While Jemma was in Ghana she volunteered at a local school for girls, it was here she learnt about the issues facing young women in Ghana. Girls were often the ones kept back if their families struggled financially. Being a girl in Ghana was tough and for some women, like Mabel, it was near impossible. While teaching, Jemma met Ben Antwi, an experienced and passionate teacher in Kumasi. Ben took Jemma under his wing at school, helping her understand the Ghanaian ways of teaching.

When Jemma returned home from her teaching placement she kept in contact with Mabel.  She would always find Mabel under intense pressure to complete all the household chores.  There were occasions when she was very unhappy, not regularly going to school.
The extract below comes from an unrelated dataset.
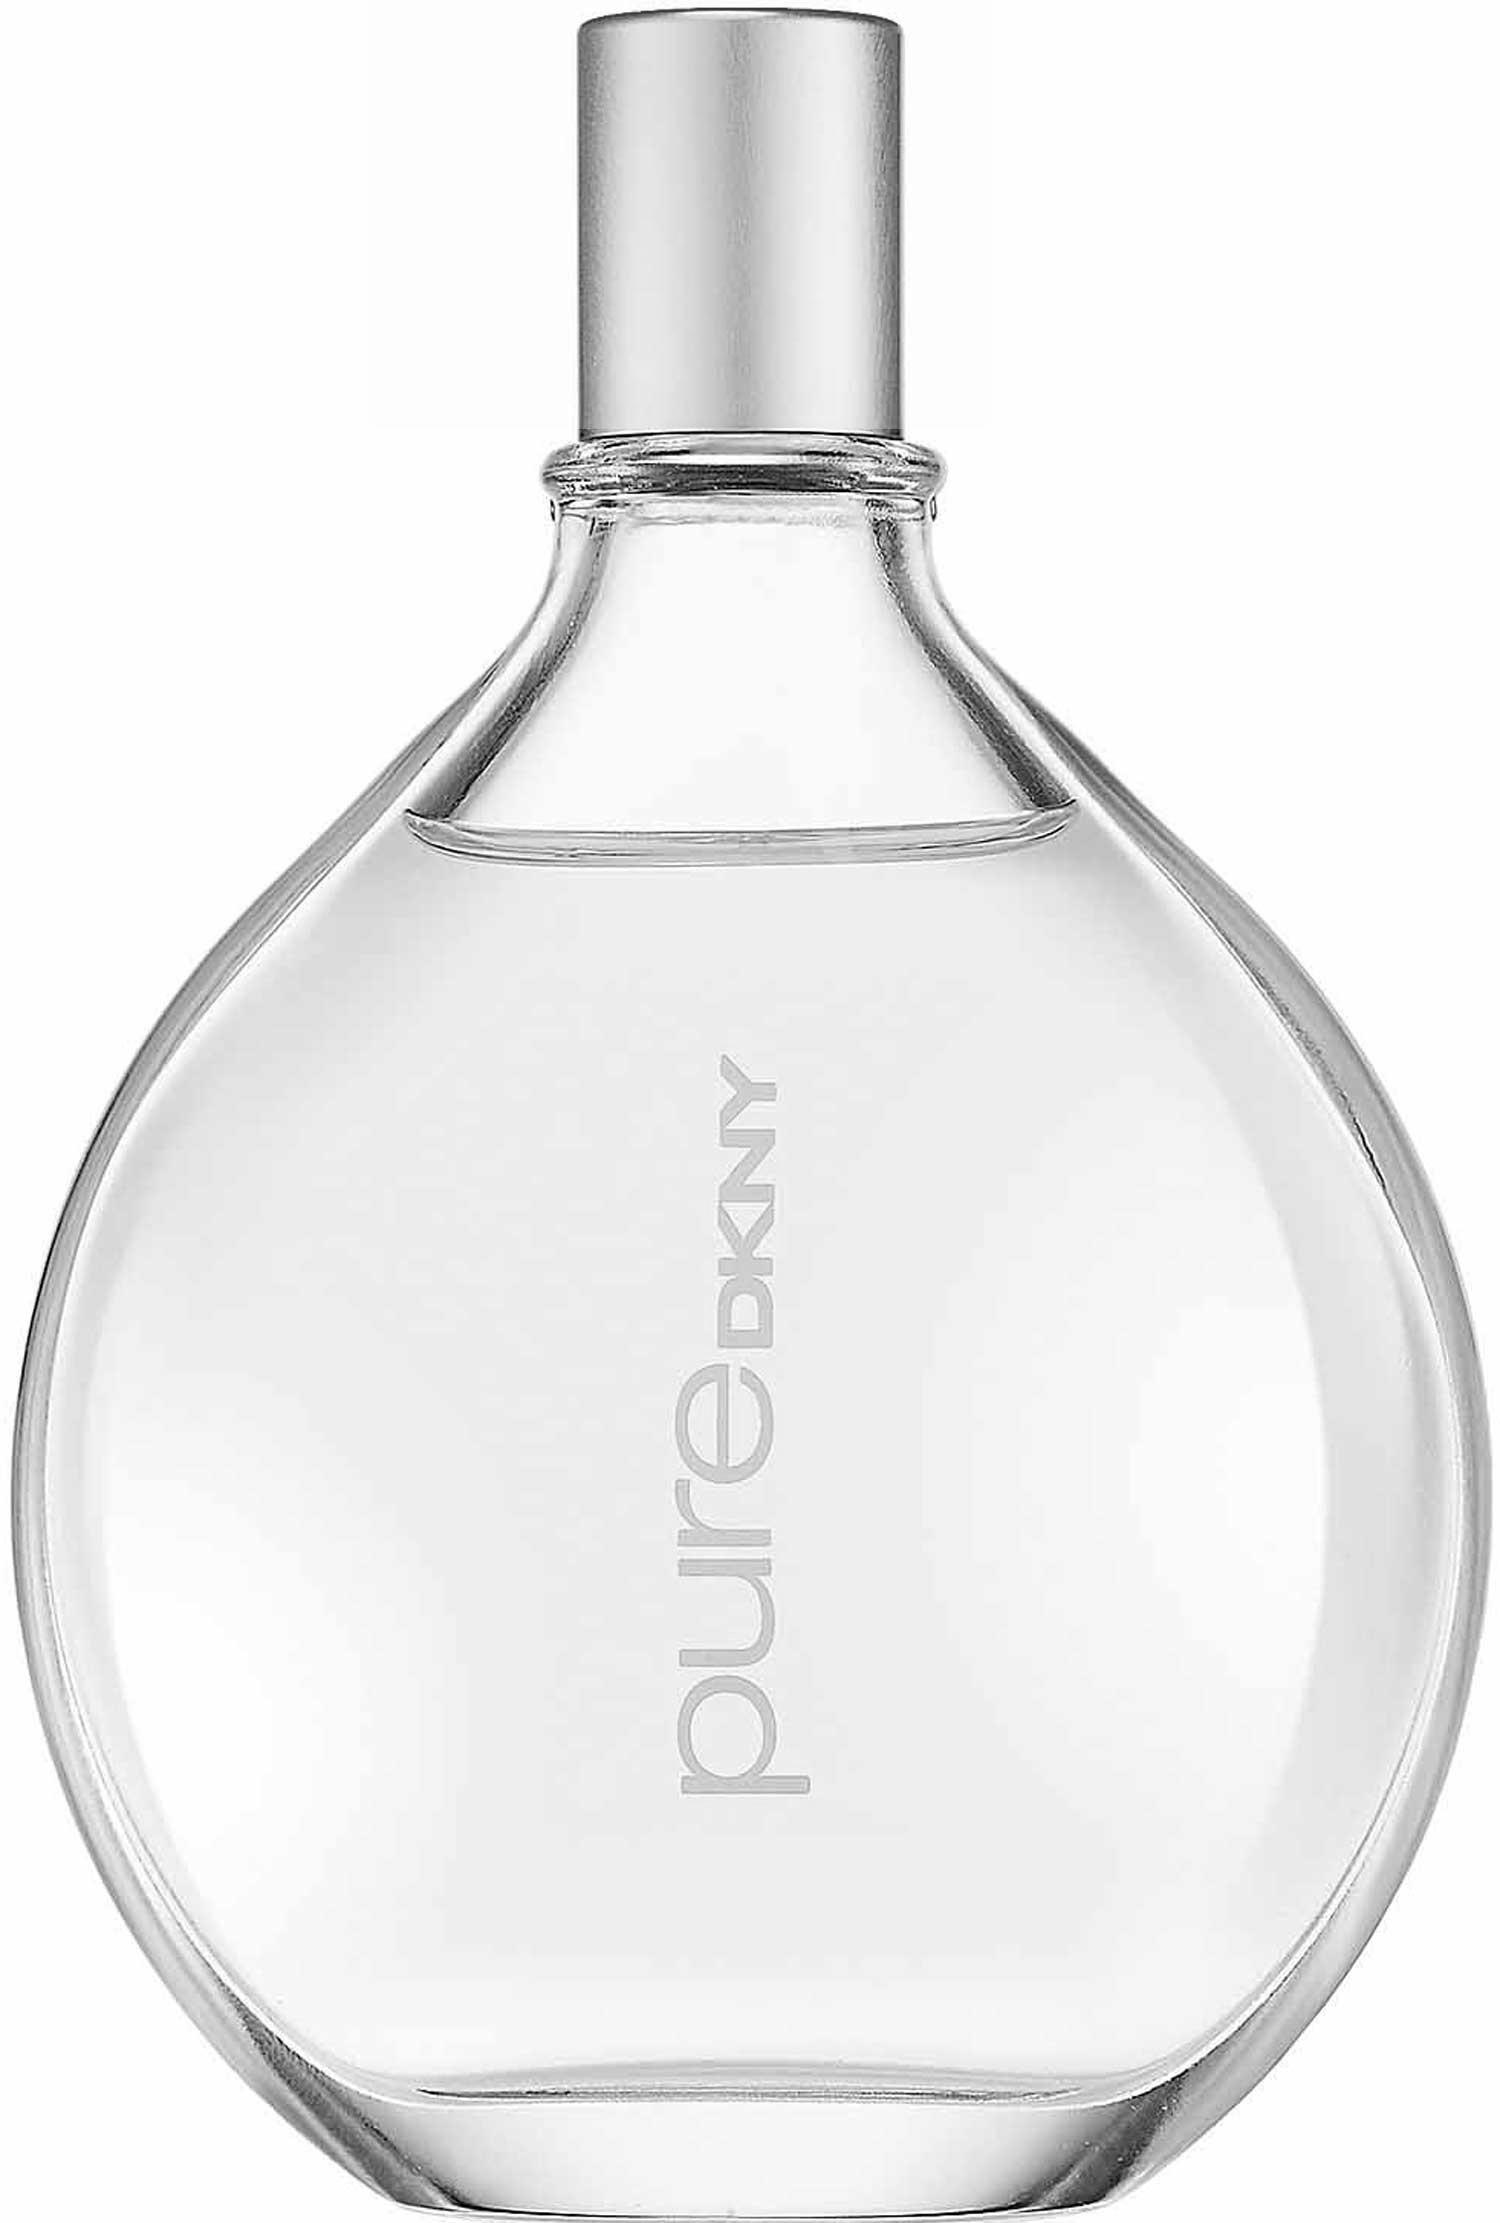 Donna Karan Pure парфюмированная вода 100мл тестер (Донна Каран Пьюр)

Jemma was desperate to help Mabel. She had only completed a few years of primary school and had been kept back every year for poor attendance and failing her exams. Jemma felt helpless, without anyone to turn to in Ghana for help. Jemma was forced to leave Mabel with the family when her gap year in Ghana came to an end. Upon return to the UK Jemma found it hard to adjust back to normal life, constantly thinking about Mabel.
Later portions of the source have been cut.